◆ **Data excerpt**:
+ + +
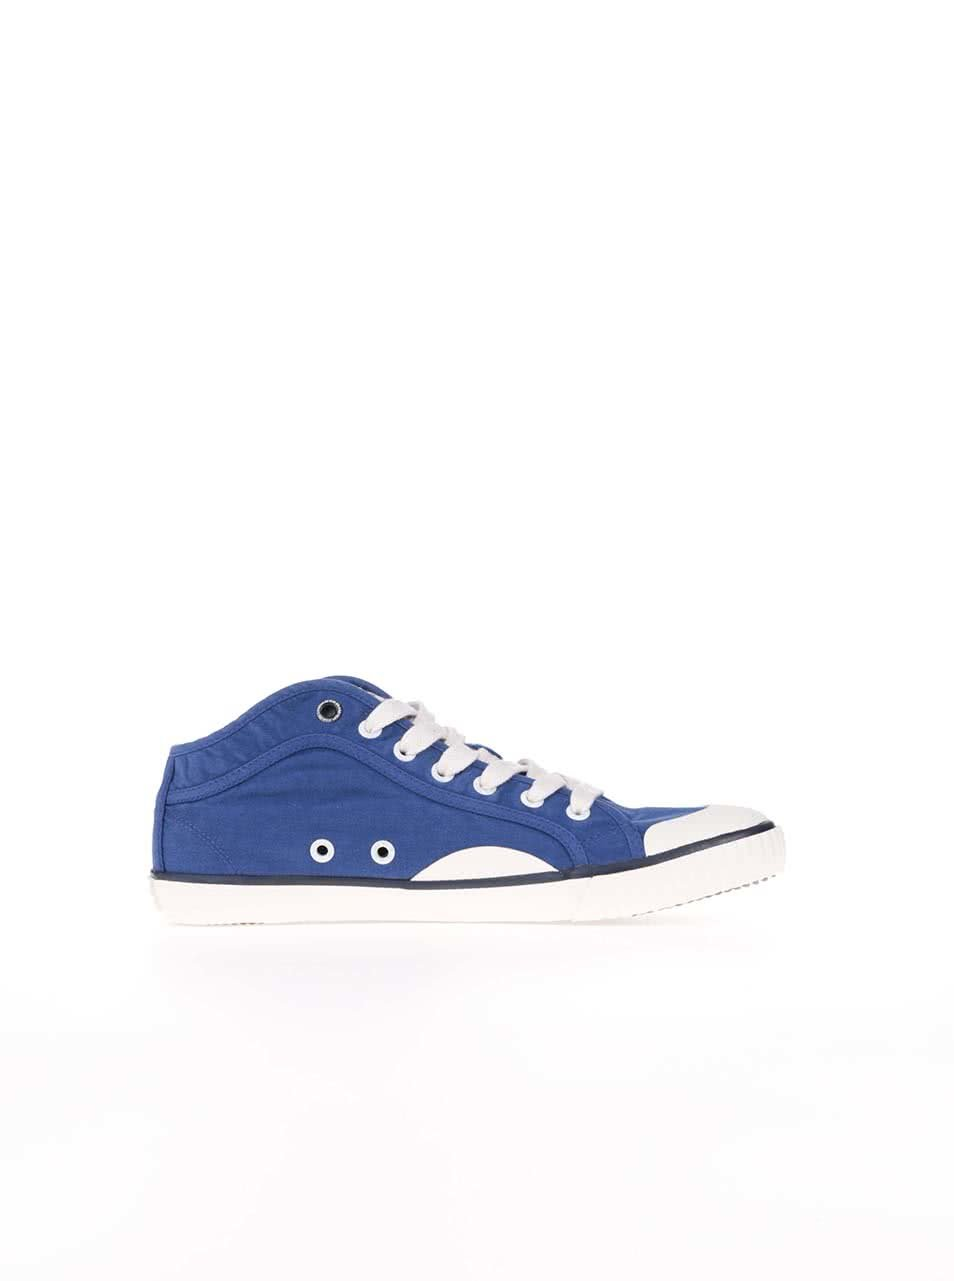 a1cad38d166 Modré pánske tenisky Pepe Jeans Industry ...
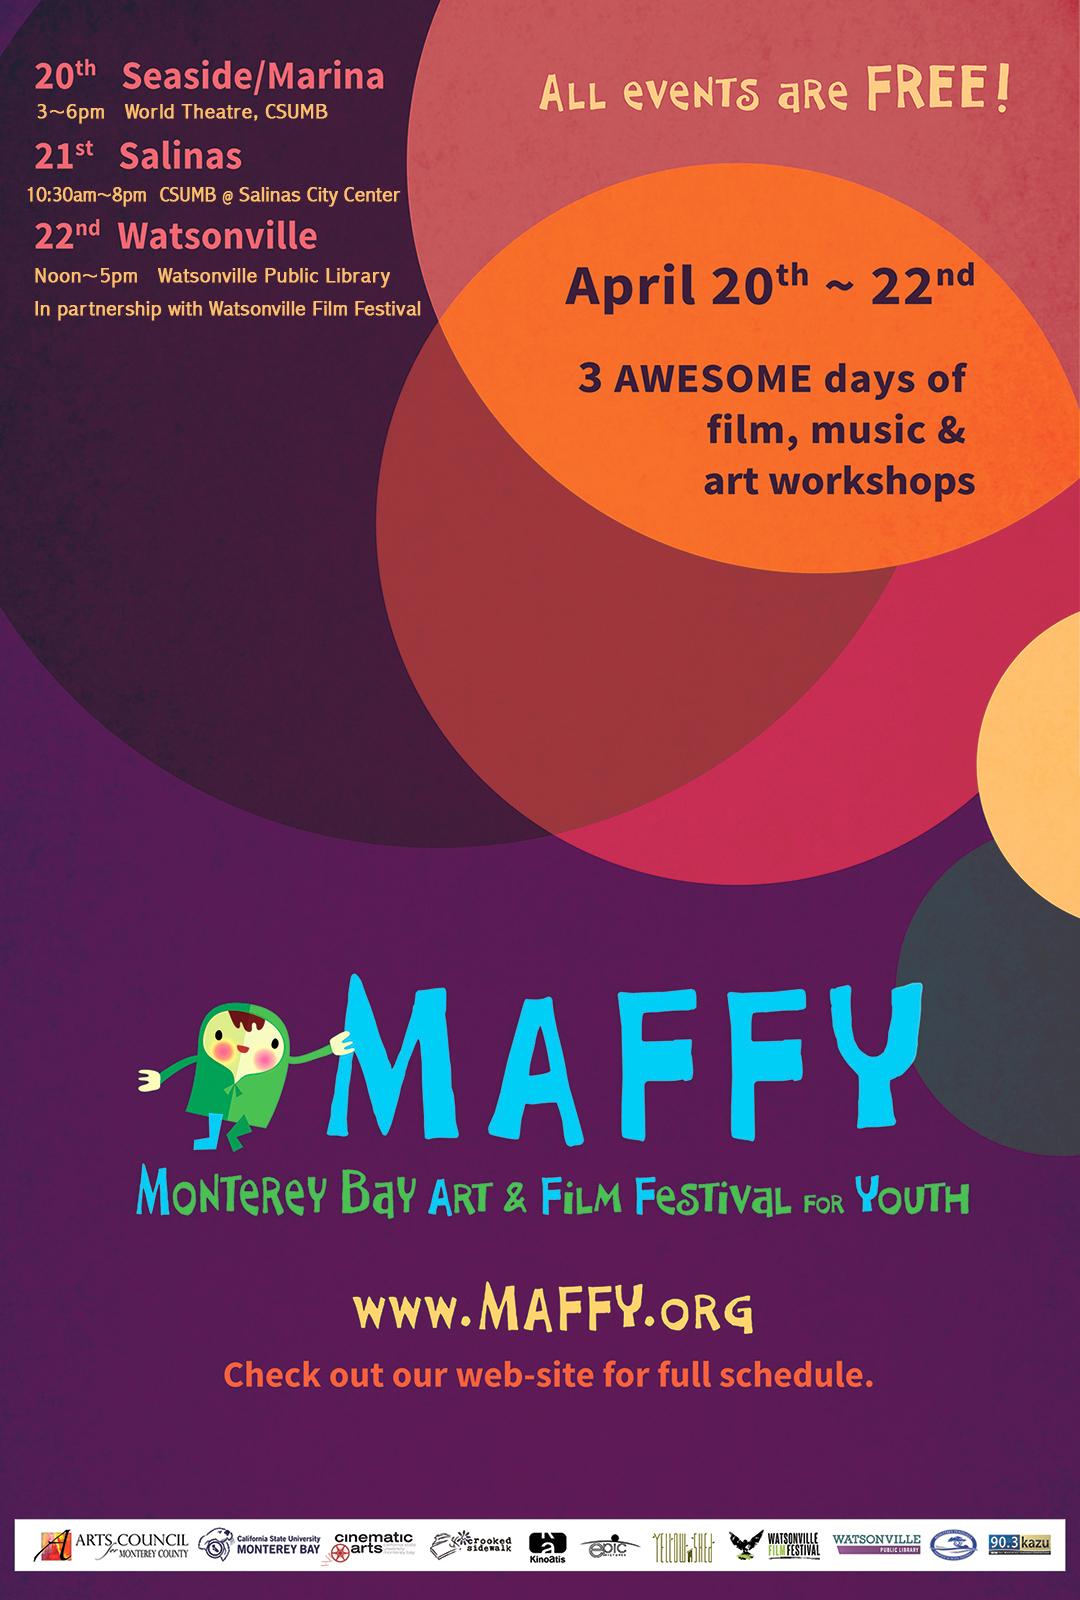 MAFFY17_Poster_web2.jpg
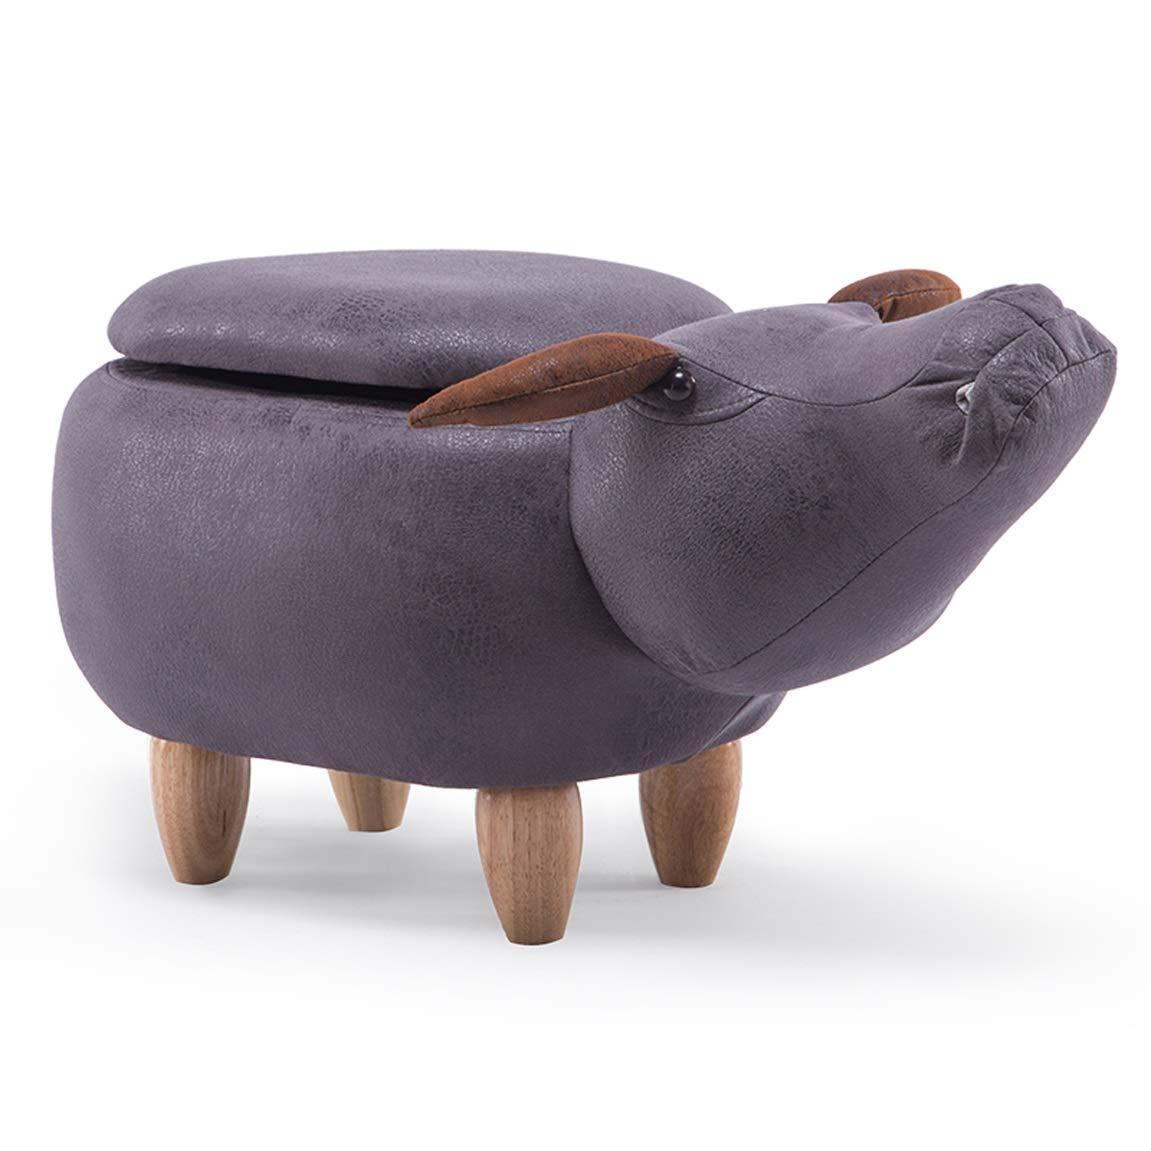 D Storage GAIXIA-Sofa stool Low Stool Change shoes Bench Sofa Stool Cow Piernnel Hall Storage shoes Bench Cartoon Animal Stool Storage Footstool 69x35x37cm (color   D, Size   Storage)
+ + +
◆ **Problem requirements**:
Write out the listing above again, exactly, but with no pictures in the copy.

◆ **Exercise solution**:
 a1cad38d166 Modré pánske tenisky Pepe Jeans Industry ...
 MAFFY17_Poster_web2.jpg
 D Storage GAIXIA-Sofa stool Low Stool Change shoes Bench Sofa Stool Cow Piernnel Hall Storage shoes Bench Cartoon Animal Stool Storage Footstool 69x35x37cm (color   D, Size   Storage)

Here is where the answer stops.